Submitted by APchem on Mon, 11/17/2008 - 23:46

What volume of ethylene glycol (C2H6O2), a nonelectrolyte, must be added to 10.9 L of water to produce an antifreeze solution with a freezing point of -38.5°C? (The density of ethylene glycol is 1.11 g/cm3, and the density of water is 1.00 g/cm3.)

Does anyone know how to solve this problem?

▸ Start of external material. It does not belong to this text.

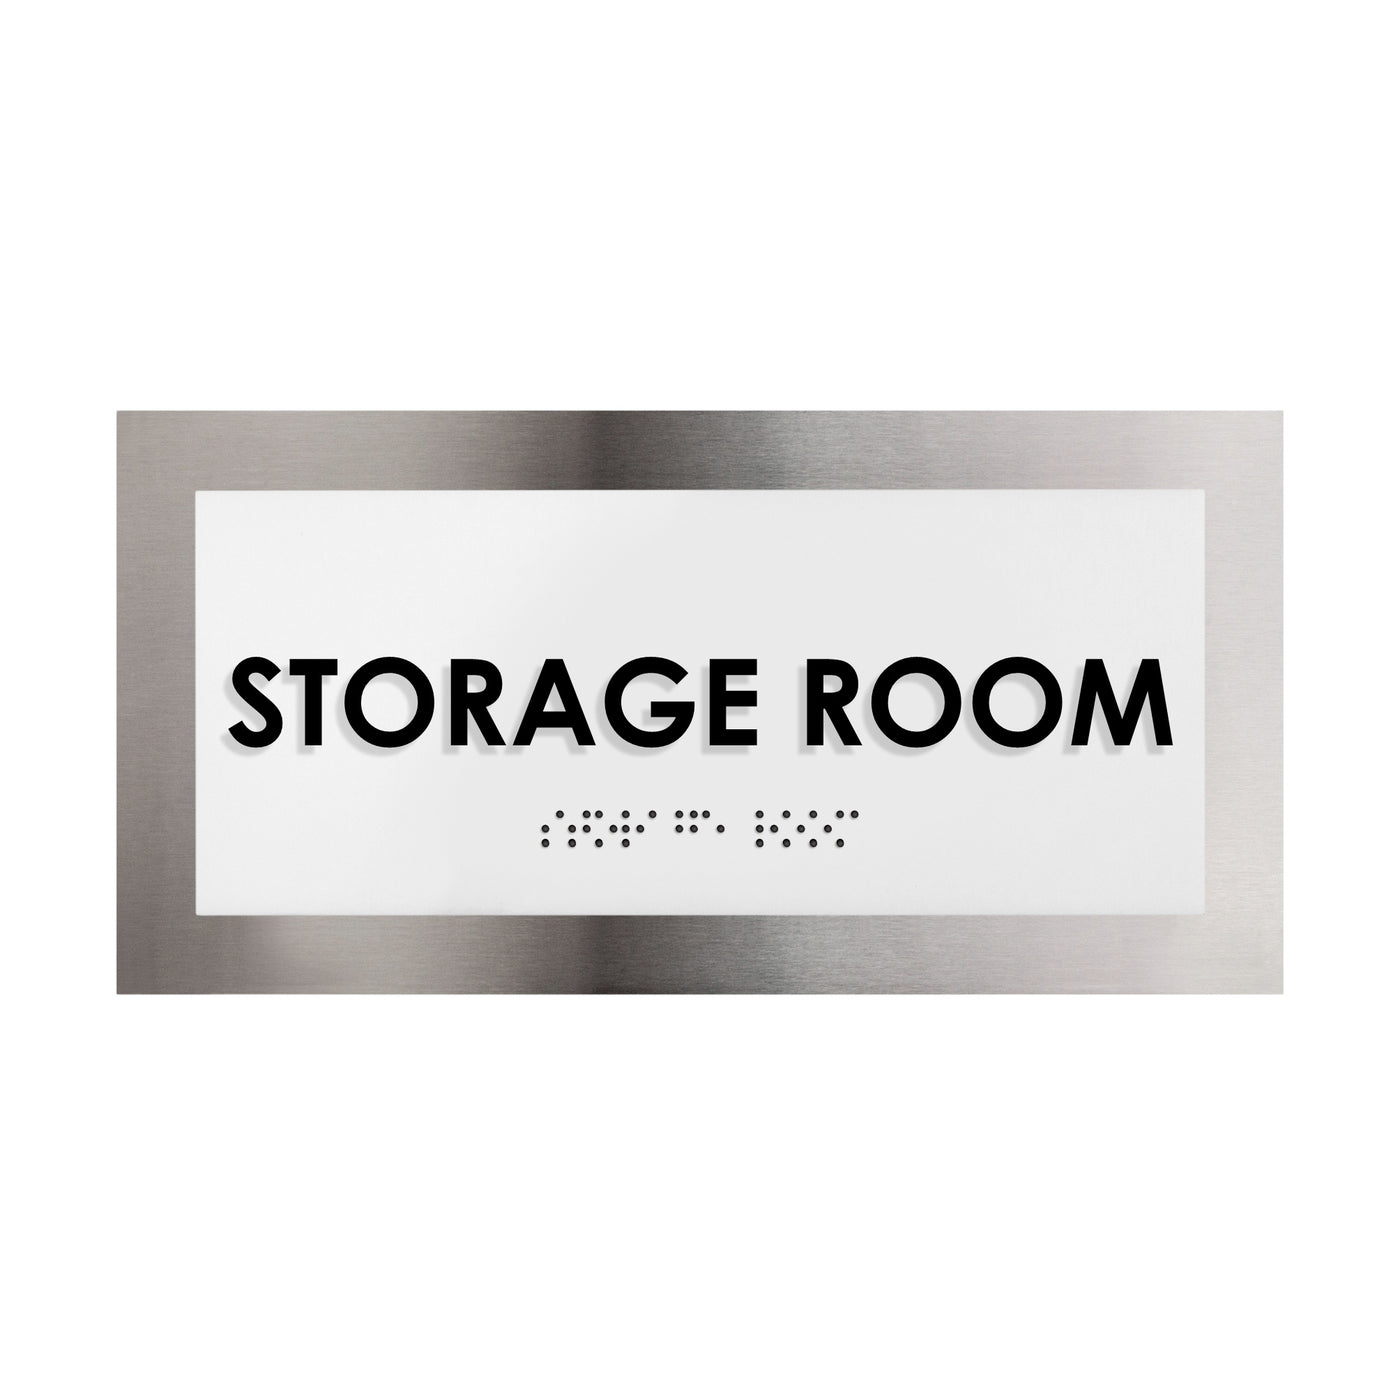 Door Signs - Storage Room Door Sign - Stainless Steel Plate - "Modern" Design

the freezing point depression is given by the equation:
?T=m X Kf

where m is the molality of the solution
and Kf is the freezing point depression constant (for water, this constant is 1.86*C/m)

Figure out what you know:

-water freezes at 0C and you need the solution to freeze at -38.5C
-10.9L of water ~ 10.9kg of water
-molality is defined as (moles of solute/ kg of solvent)= (moles of solute/10.9kg H2O)

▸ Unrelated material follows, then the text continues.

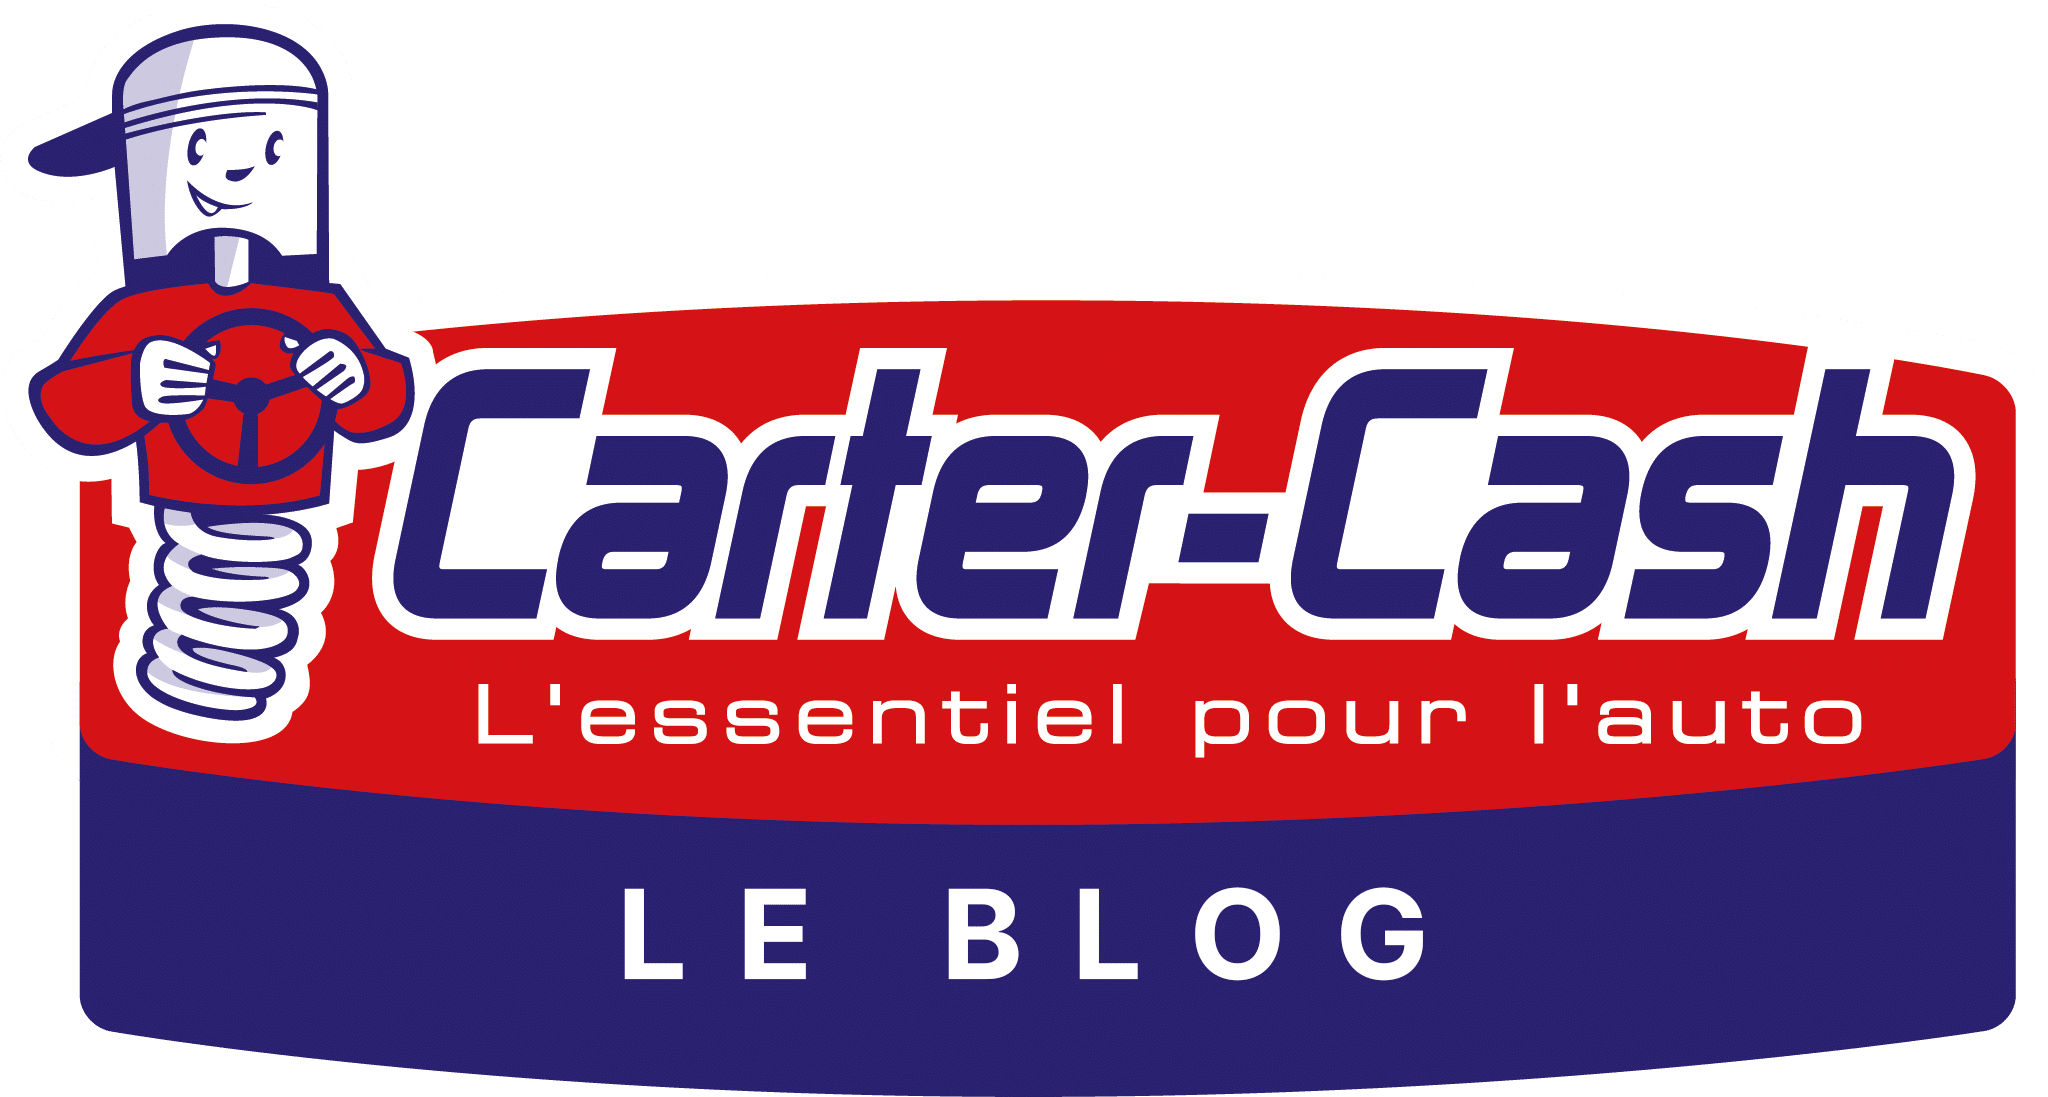 Le Blog de Carter-Cash

-plug all your known values into the above equation to figure out your unknown

0C-38.5C=(mole of solute/10.9 kg H2O) X 1.86*C/m

It thus appears that your unknown here is the moles of solute. Solve the equation for your moles of solute:

it should come out to be ~ 1.90 moles of ethylene glycol

now calculate the mass of ethylene glycol: molar mass of ethylene glycol is ~62.0g/mol

(62.0g/mol) X (1.90 moles) =117.8g of ethylene glycol

Now find the volume by relating the mass you just found to the density:

density = mass/volume

1.11g/cm^3=117.8g/V

V=106 mL